◆ Task item:
Leave out the pictures and retype all the entries below exactly.

[Data items]
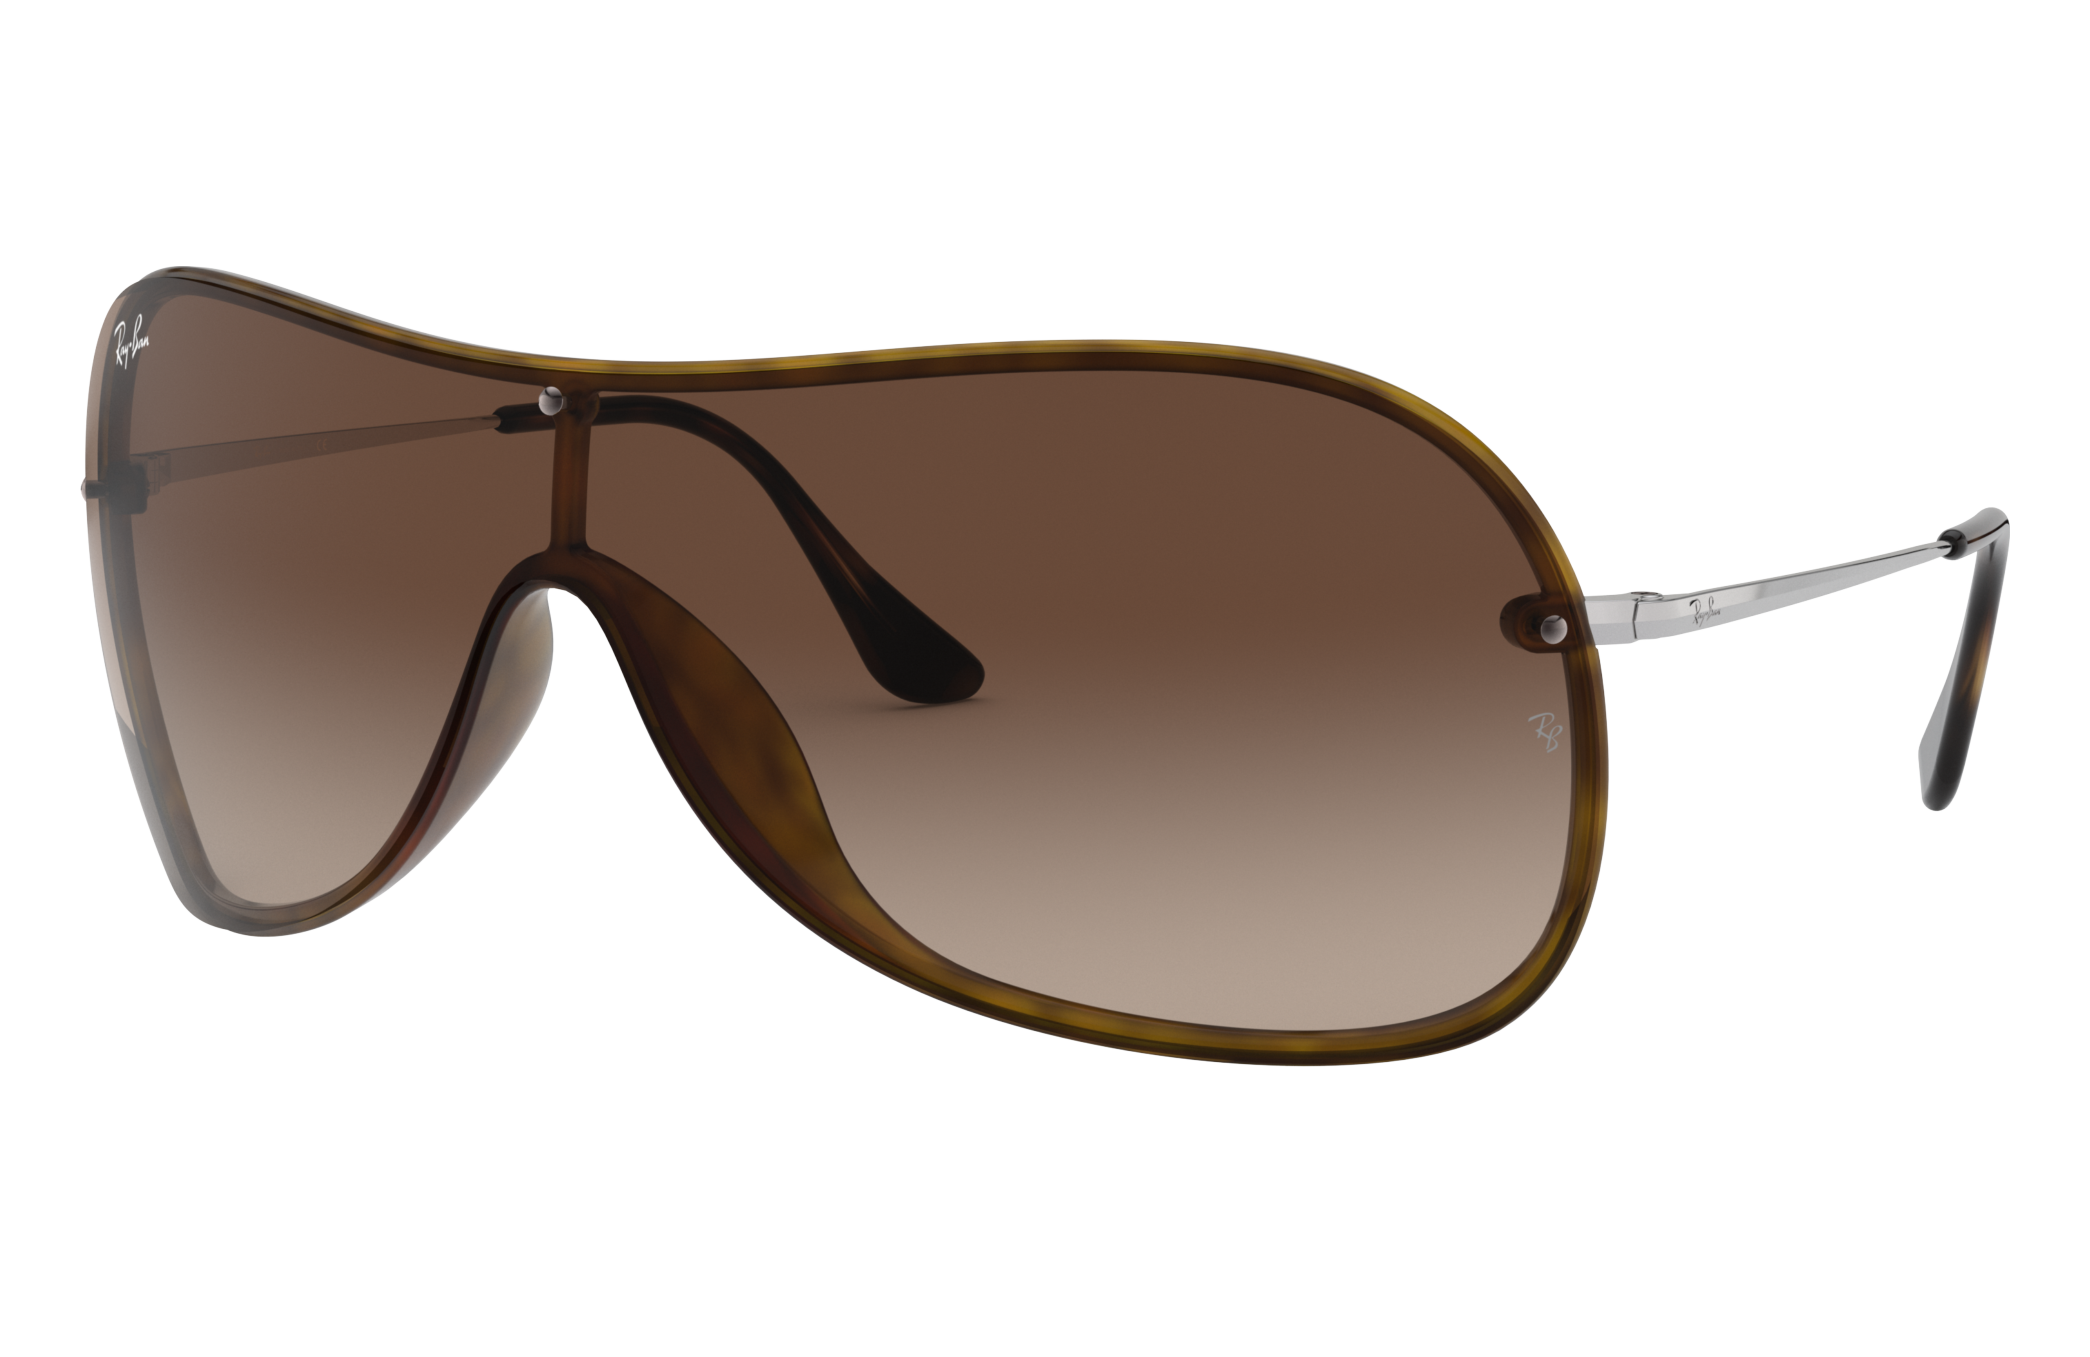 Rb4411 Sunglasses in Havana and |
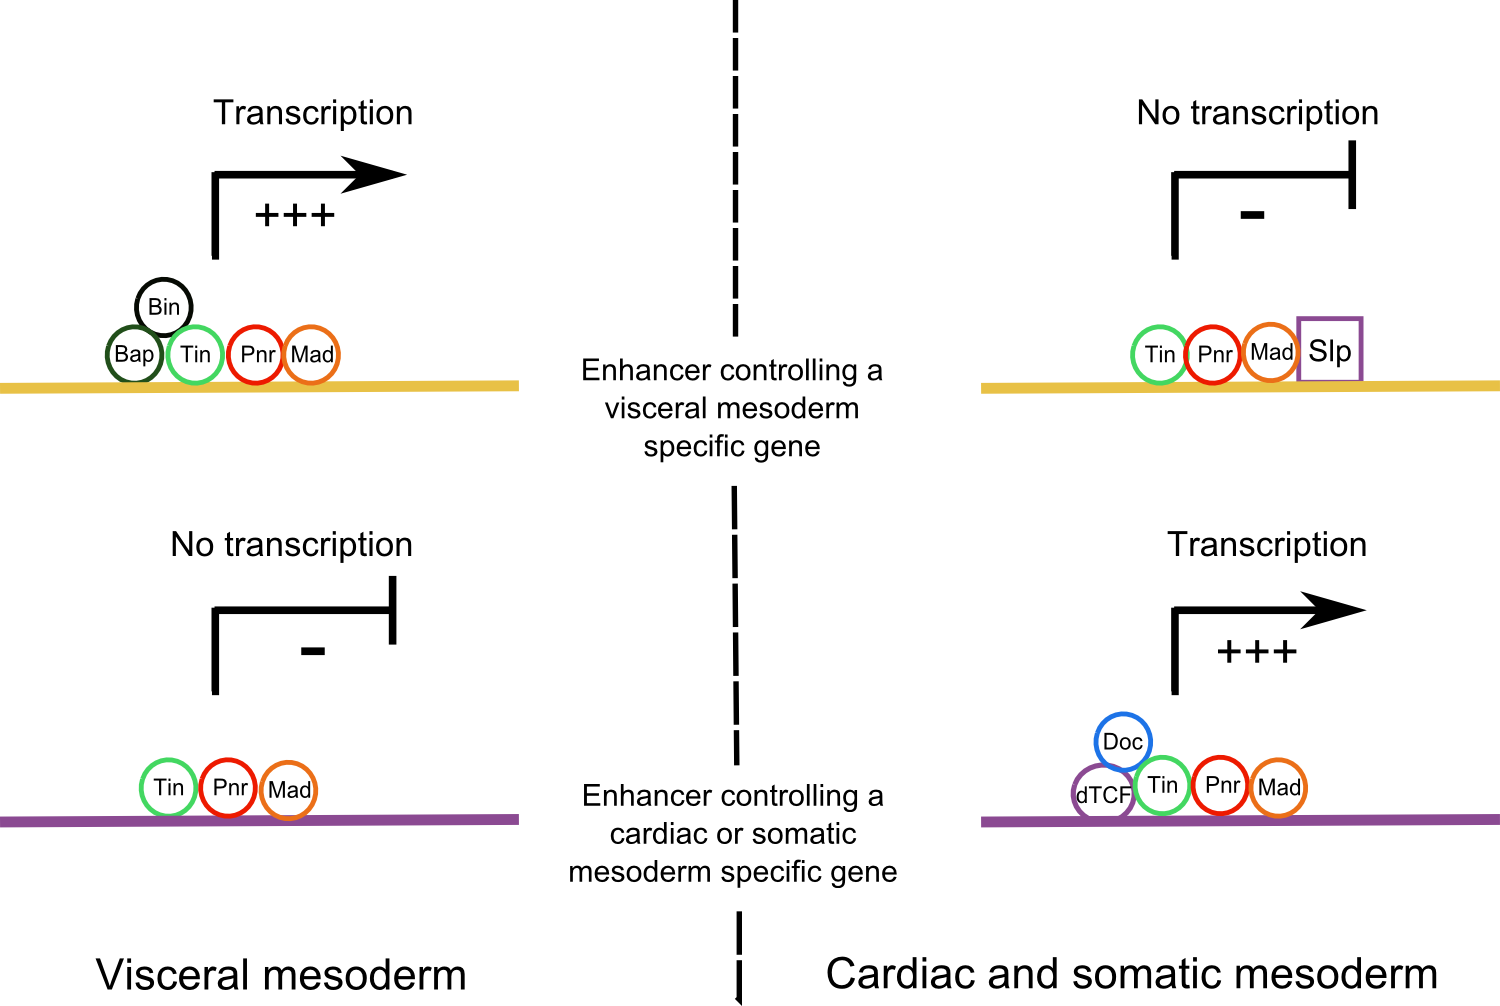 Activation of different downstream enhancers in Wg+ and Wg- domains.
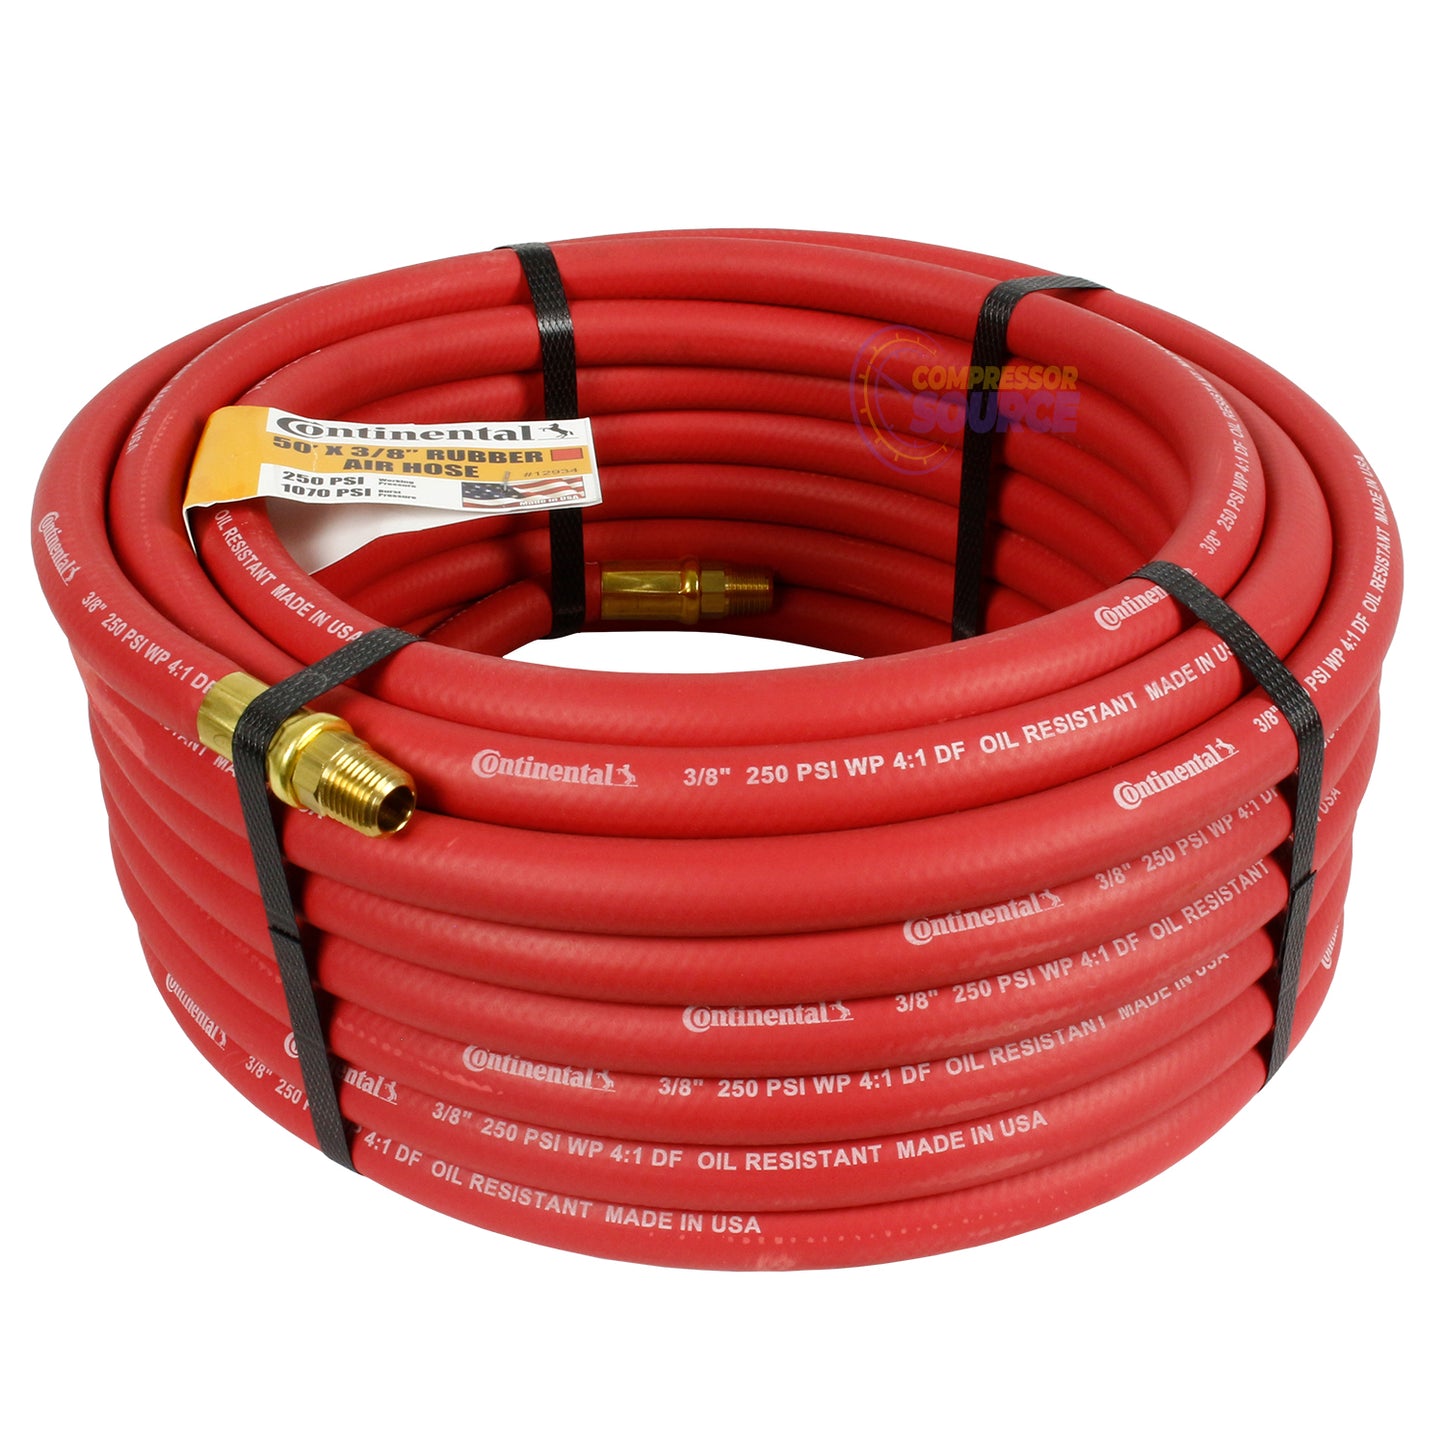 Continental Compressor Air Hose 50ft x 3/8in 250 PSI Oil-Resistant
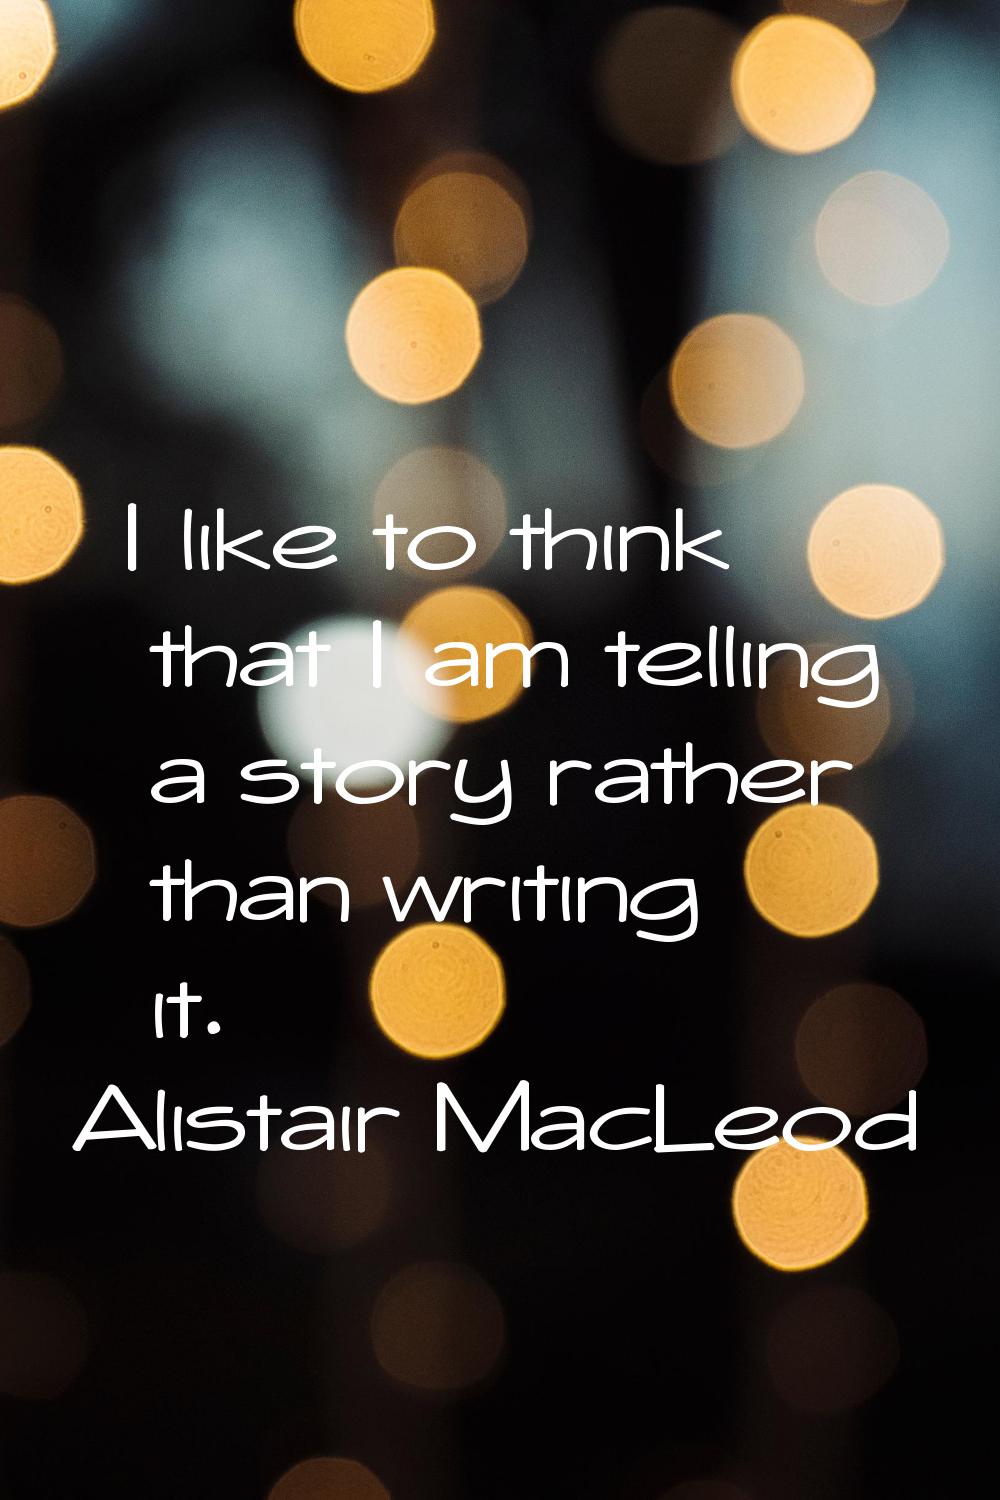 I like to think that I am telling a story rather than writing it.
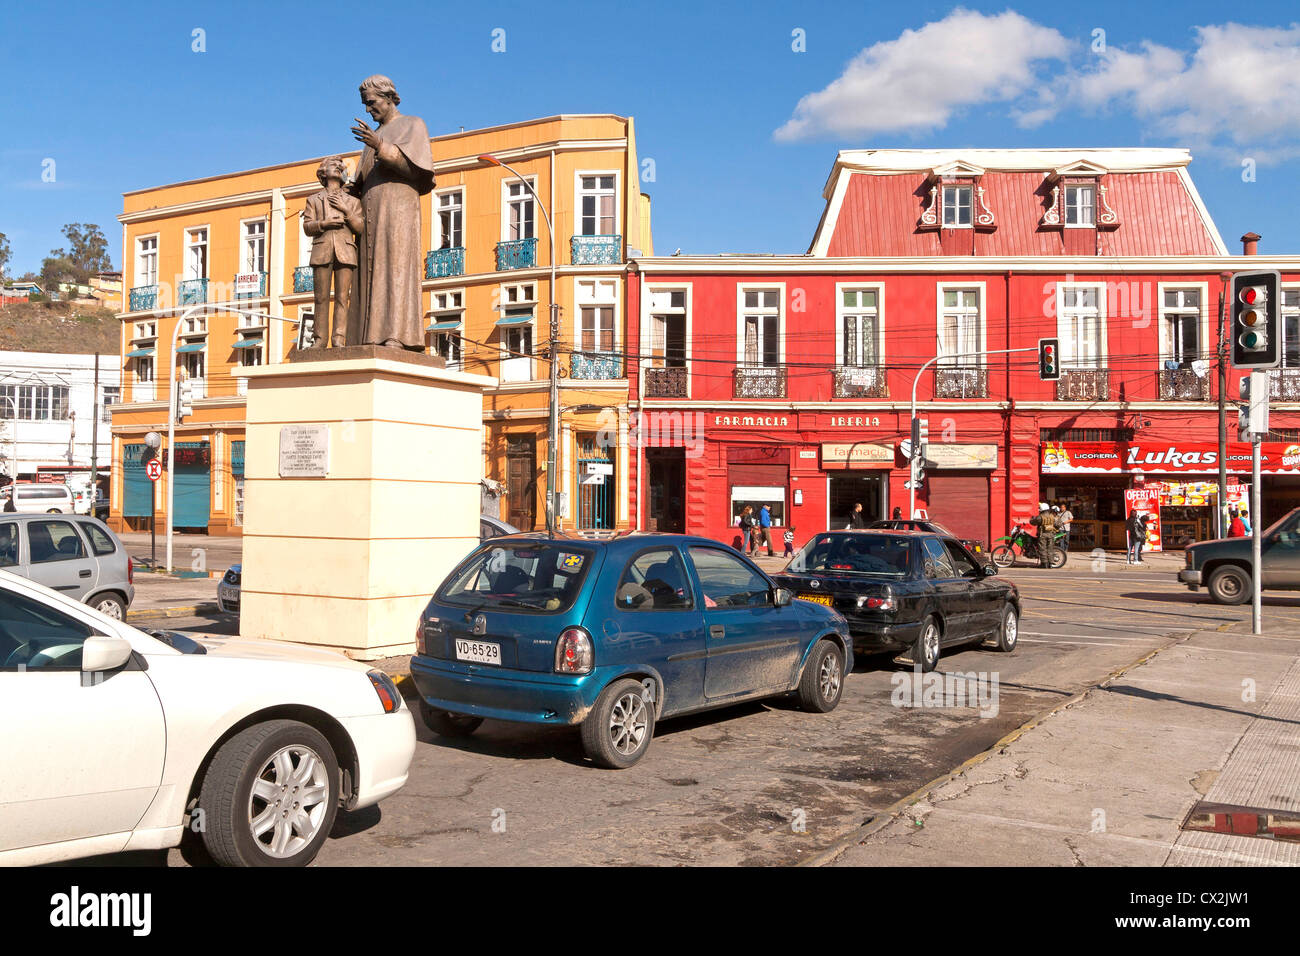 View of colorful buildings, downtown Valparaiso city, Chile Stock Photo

◆ Answer section:
 Rb4411 Sunglasses in Havana and |
 Activation of different downstream enhancers in Wg+ and Wg- domains.
 Continental Compressor Air Hose 50ft x 3/8in 250 PSI Oil-Resistant
 I like to think that I am telling a story rather than writing it.
 View of colorful buildings, downtown Valparaiso city, Chile Stock Photo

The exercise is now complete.